→ **Raw data**

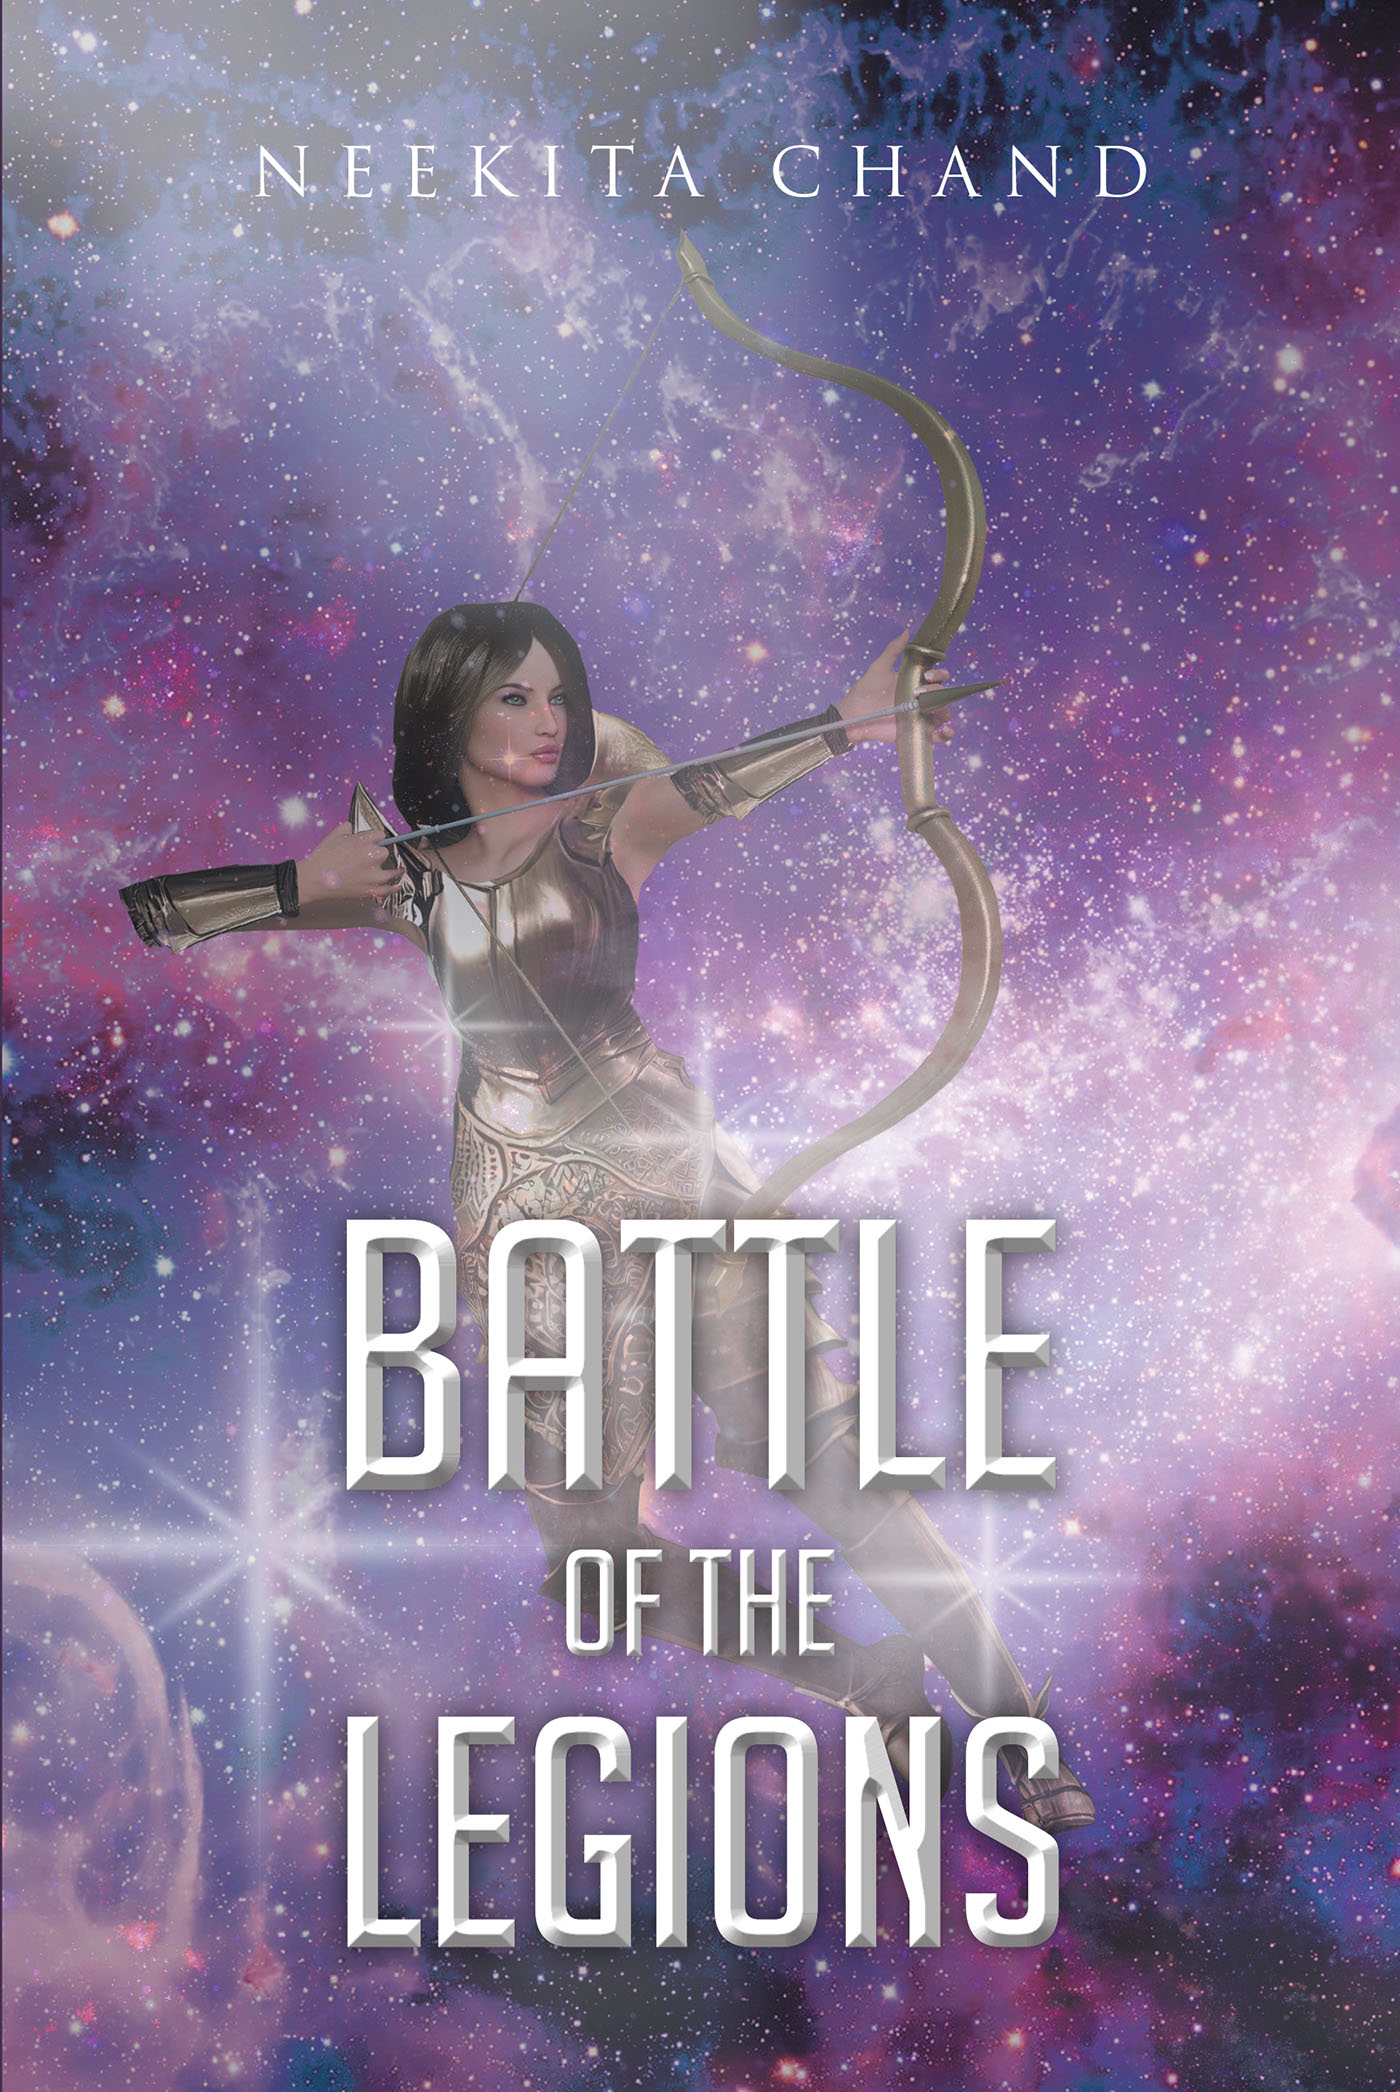 Neekita Chand’s Newly Released “BATTLE OF THE LEGIONS” is an Imaginative Adventure of Angels and Demons on the Frontlines of the Last Days
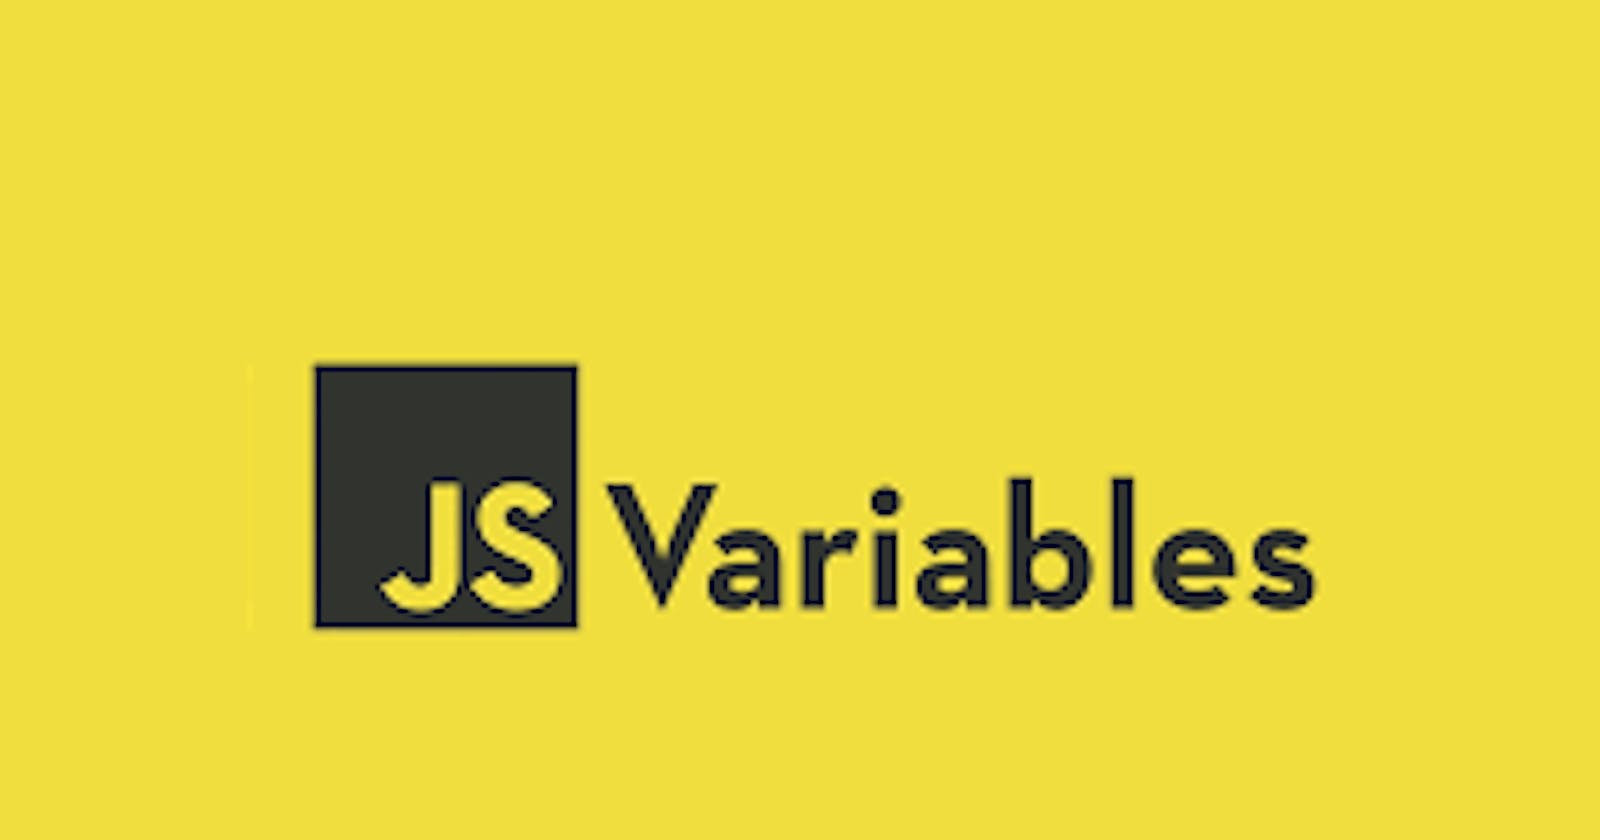 Variables & Data types in JavaScript
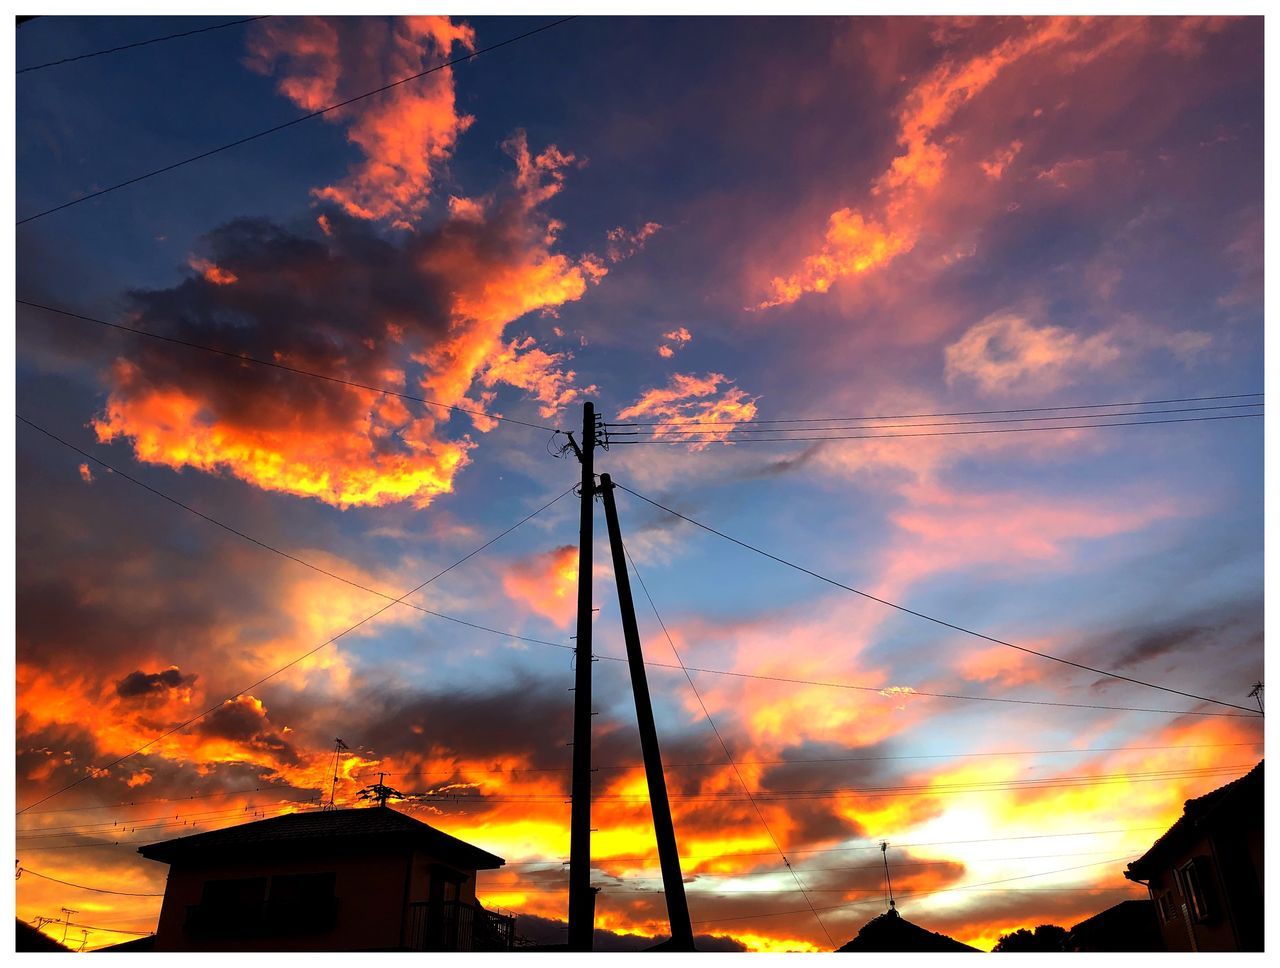 cloud - sky, sky, sunset, orange color, built structure, architecture, building exterior, no people, transfer print, nature, auto post production filter, silhouette, building, dramatic sky, low angle view, beauty in nature, scenics - nature, outdoors, house, power line, power supply, romantic sky
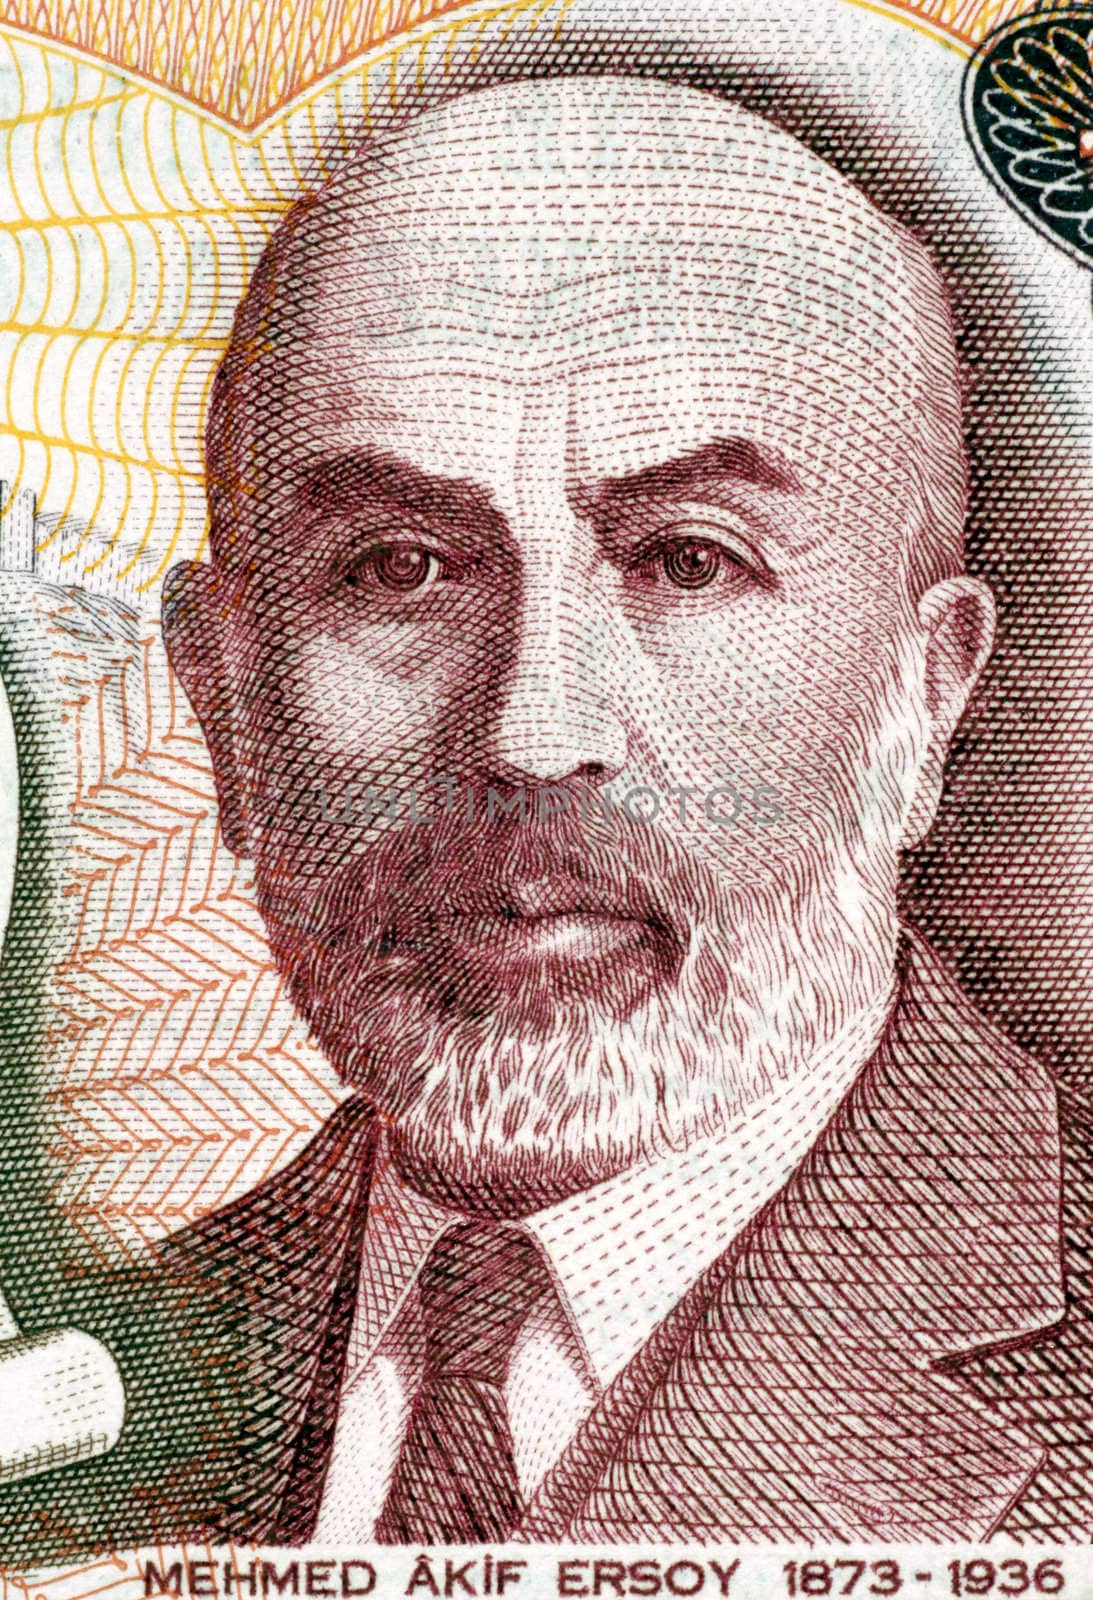 Mehmet Akif Ersoy (1873-1936) on 100 Lira 1984 Banknote from Turkey.Turkish poet, author, academic and member of parliament.

→ **Prompt**
Once the pictures are set aside, please output all the data word for word.

→ **Answer for this exercise**
 Neekita Chand’s Newly Released “BATTLE OF THE LEGIONS” is an Imaginative Adventure of Angels and Demons on the Frontlines of the Last Days
 Variables & Data types in JavaScript
 cloud - sky, sky, sunset, orange color, built structure, architecture, building exterior, no people, transfer print, nature, auto post production filter, silhouette, building, dramatic sky, low angle view, beauty in nature, scenics - nature, outdoors, house, power line, power supply, romantic sky
 Mehmet Akif Ersoy (1873-1936) on 100 Lira 1984 Banknote from Turkey.Turkish poet, author, academic and member of parliament.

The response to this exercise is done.